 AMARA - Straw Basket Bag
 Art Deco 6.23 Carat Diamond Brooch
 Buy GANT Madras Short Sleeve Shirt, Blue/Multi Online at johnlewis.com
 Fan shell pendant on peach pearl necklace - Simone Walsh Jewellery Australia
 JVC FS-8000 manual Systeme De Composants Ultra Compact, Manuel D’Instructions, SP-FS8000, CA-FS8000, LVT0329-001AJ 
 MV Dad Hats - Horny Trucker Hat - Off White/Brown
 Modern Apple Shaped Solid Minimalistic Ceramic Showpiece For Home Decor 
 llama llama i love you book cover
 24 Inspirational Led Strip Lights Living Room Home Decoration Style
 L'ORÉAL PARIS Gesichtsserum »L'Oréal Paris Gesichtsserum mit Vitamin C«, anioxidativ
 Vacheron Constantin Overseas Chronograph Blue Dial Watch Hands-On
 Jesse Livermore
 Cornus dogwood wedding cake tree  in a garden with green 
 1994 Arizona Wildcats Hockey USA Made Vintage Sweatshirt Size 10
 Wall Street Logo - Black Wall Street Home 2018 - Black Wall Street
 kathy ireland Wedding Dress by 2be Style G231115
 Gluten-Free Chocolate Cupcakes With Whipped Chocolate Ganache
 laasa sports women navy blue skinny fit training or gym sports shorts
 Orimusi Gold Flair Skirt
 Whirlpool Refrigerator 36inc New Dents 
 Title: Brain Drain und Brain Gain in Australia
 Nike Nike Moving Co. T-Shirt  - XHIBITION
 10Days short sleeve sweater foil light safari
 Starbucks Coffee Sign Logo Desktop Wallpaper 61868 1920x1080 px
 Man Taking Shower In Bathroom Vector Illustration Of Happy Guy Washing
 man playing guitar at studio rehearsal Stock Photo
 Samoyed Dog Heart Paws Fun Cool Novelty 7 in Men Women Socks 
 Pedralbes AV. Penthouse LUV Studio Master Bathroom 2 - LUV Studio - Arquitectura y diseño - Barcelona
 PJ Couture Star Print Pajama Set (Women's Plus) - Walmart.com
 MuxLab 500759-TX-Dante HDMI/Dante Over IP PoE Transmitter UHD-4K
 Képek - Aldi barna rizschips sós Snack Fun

- [WORK TASK] Copy, from the material above, each line in which the string "Bathroom" occurs.

- [TASK SOLUTION]
 Man Taking Shower In Bathroom Vector Illustration Of Happy Guy Washing
 Pedralbes AV. Penthouse LUV Studio Master Bathroom 2 - LUV Studio - Arquitectura y diseño - Barcelona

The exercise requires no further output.